Seemingly taking its cue from its hit song's title, "A Long December," the Counting Crows' most recent tour, Recovering the Satellites, lasted well over a year. LD Mike Duncan spent 14 months on the road with the band, creating different designs as dictated by the size of each leg's venue. "There were certainly a lot of changes and a lot of interesting opportunities along the way," Duncan says. "I've really learned a lot."Duncan's steepes t learning curve took place on the summer leg, when Counting Crows was paired up with the Wallflowers for an amphitheatre tour across the US. "The Crows were the headliners, but obviously they wouldn't have sold out sheds without the Wallflowers," Duncan says. "They asked me to handle their lighting as well, so it was pretty intense, but that experience taught all of us on the lighting crew how to go with the flow and do the best you can."

Duncan created his first design for the band in the fall of 1996. "It started very simply, with a very straightforward rig," says the LD. "Having the lighting towers was an idea I had always played with. I was trying to visualize it properly for presentation purposes, so I called Tom Strahan at Scale Design in San Francisco, and told him I was looking for structures to hang lights on, so I could get a lot of different levels. I wanted them to be really simple and to look good in profile.

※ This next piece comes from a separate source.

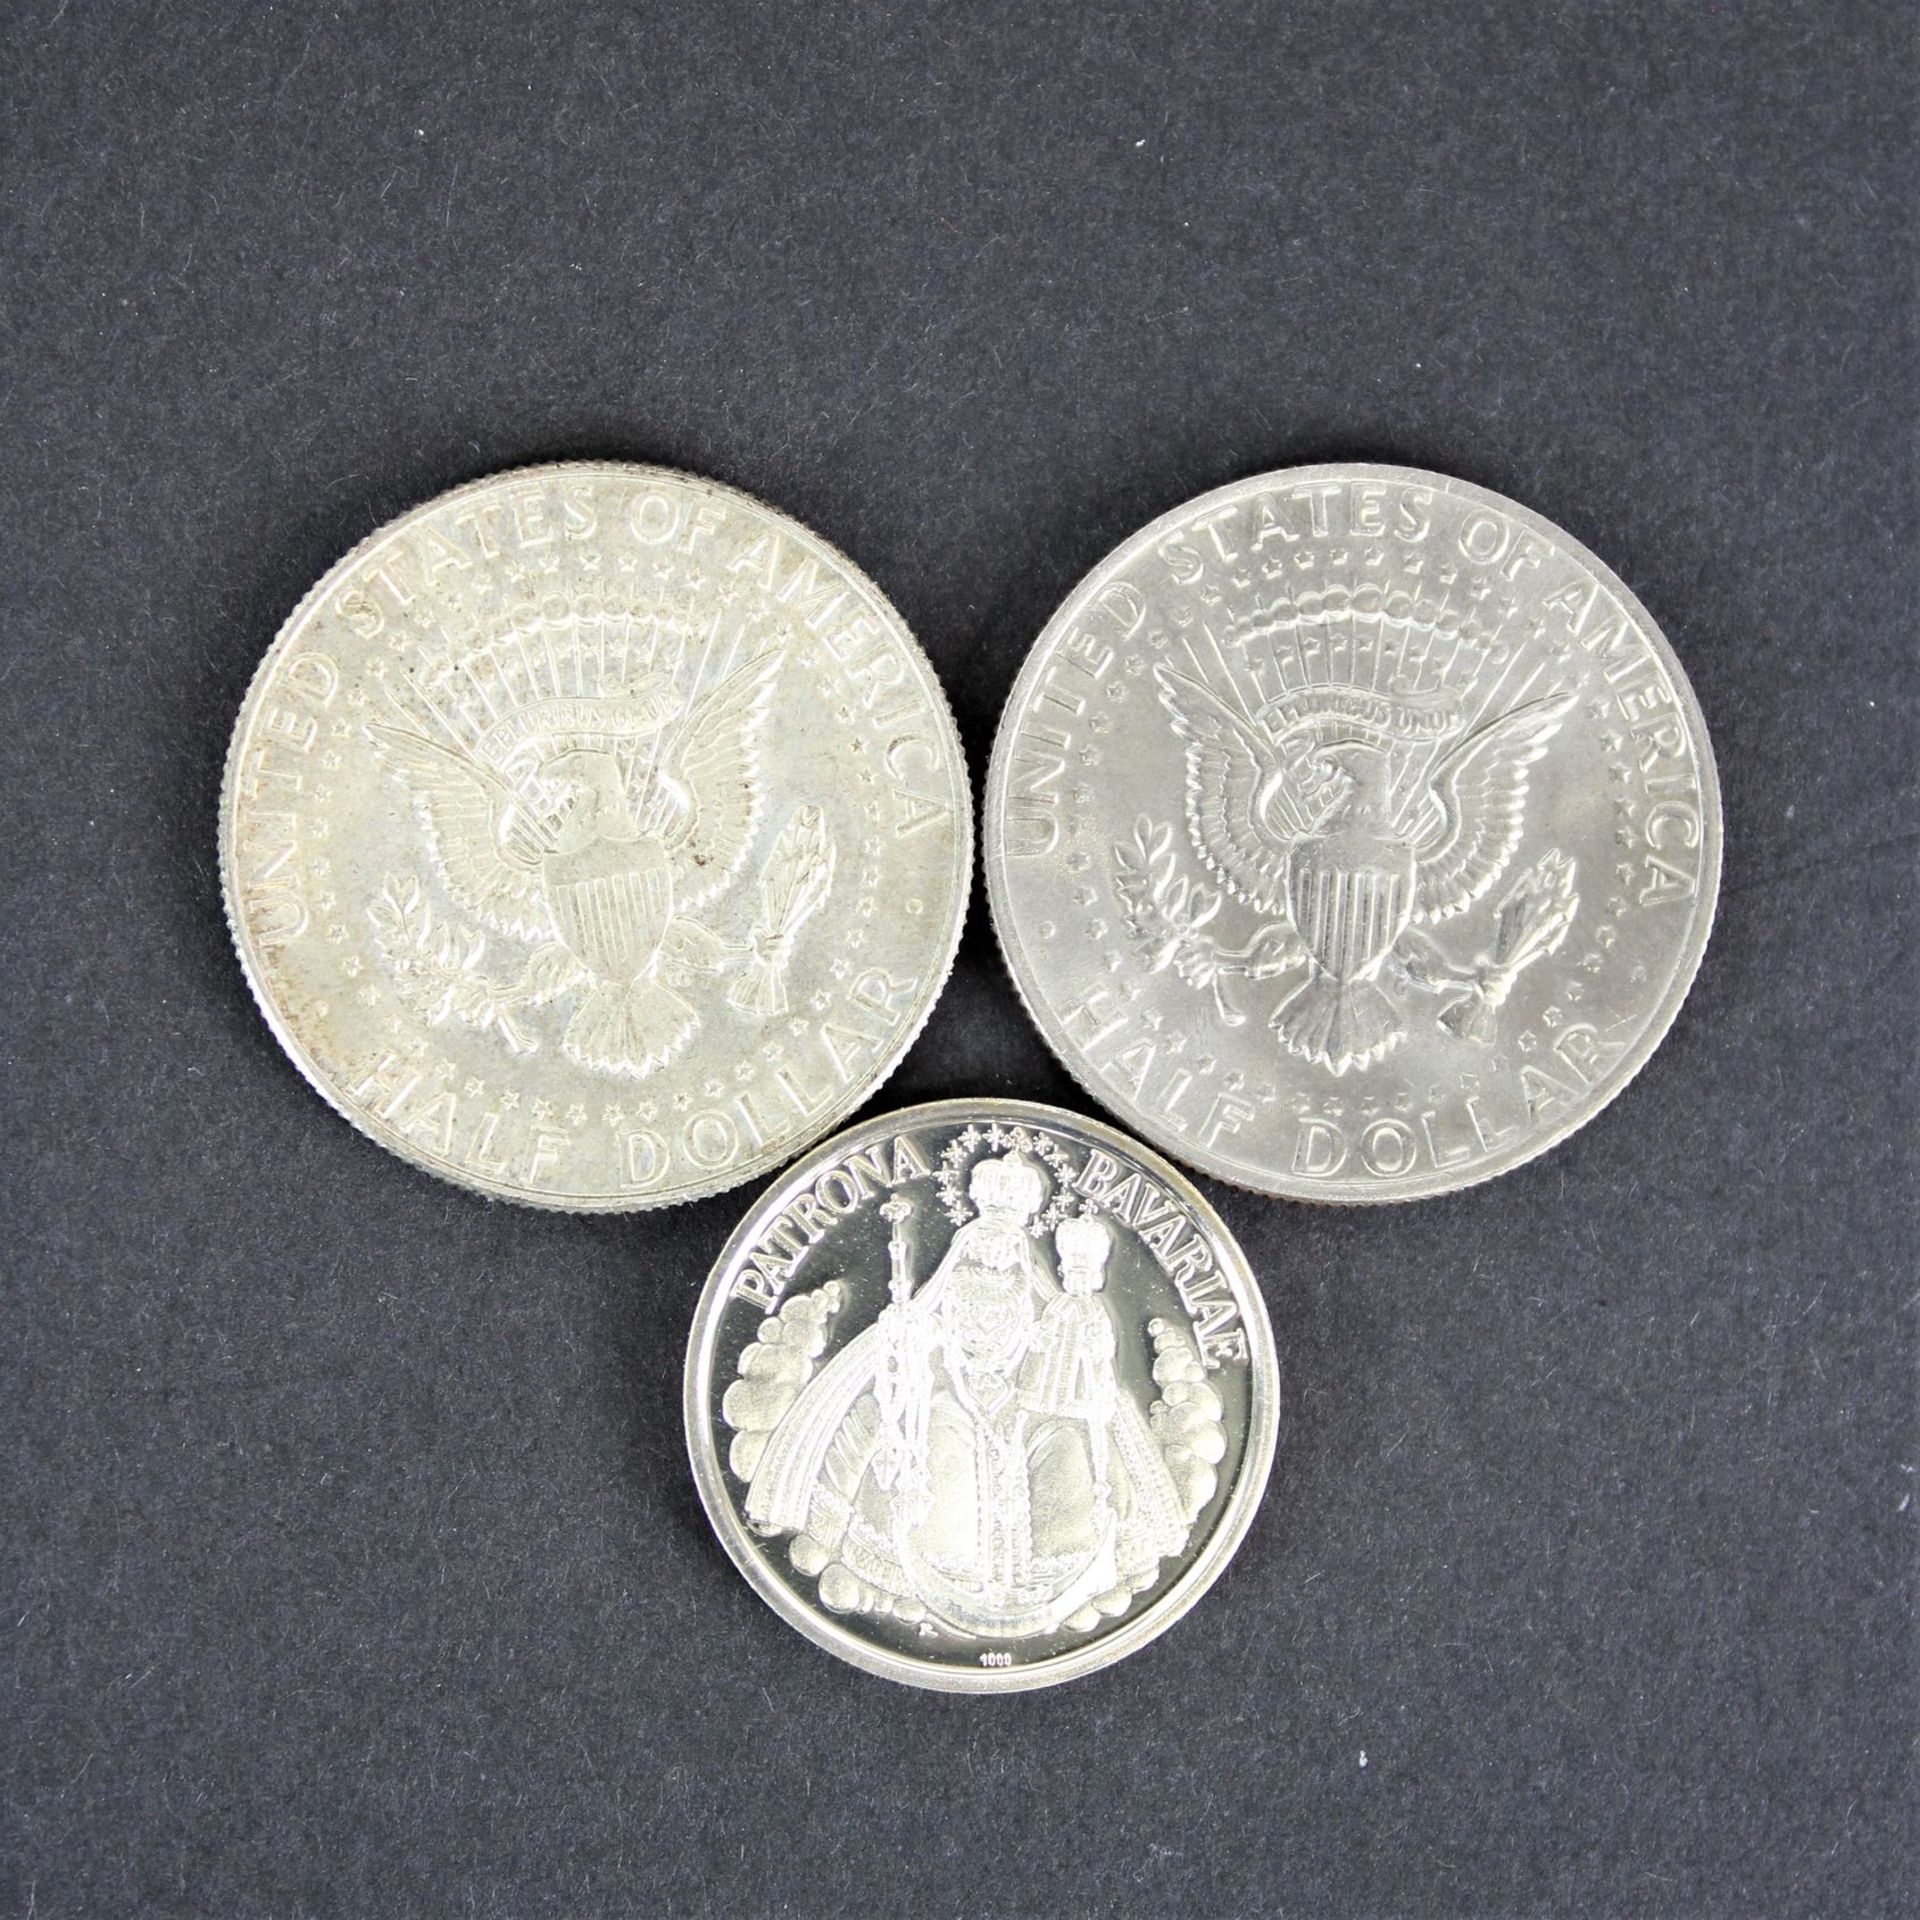 3 Silbermünzen " DIe Geschichte des bayerischen wappens " plus 2 half coin dollars - Image 2 of 2

And his first set of drawings was perfect."

All Access Staging built the different towers, which were constructed out of mini trussing and include five Light & Sound Design Icon(R) automated luminaires, six Icon WashLights(TM), and 16 nook lights.

Lighting crew members were crew chief/Icon operator Charles Cochran, Icon technician Richard Wold, and dimmer/Colormag(R) technician Todd Metz. Light & Sound Design served as the show's main lighting contractor. "Icons were something I always wanted to use, but for money reasons I've always ended up with moving-mirror-type instruments. They're good, but they're certainly nothing like an Icon--I wanted to get the brightest, most versatile units," Duncan says. "This was the first time Charles had run a console, and he really stepped up to the plate in great fashion.

"It was a really good tour, and it's been neat because I've been able to do three different designs for the band over the course of the year," Duncan continues. "By the end of the last US leg, I'd gotten it stripped down to its simplest elements--the back truss is just all focused straight ahead. It's really unobtrusive and it lights the band well."

The set's centerpiece is the illuminated shooting star (above). "Adam [Duritz, lead singer] came up with the star--it's from their album cover and he's really fond of it," Duncan says. "The band is great to work with because these guys have a lot of good ideas. A lot of LDs don't get any input on their shows, but I'm fortunate we all seem to think along the same lines about how things should look."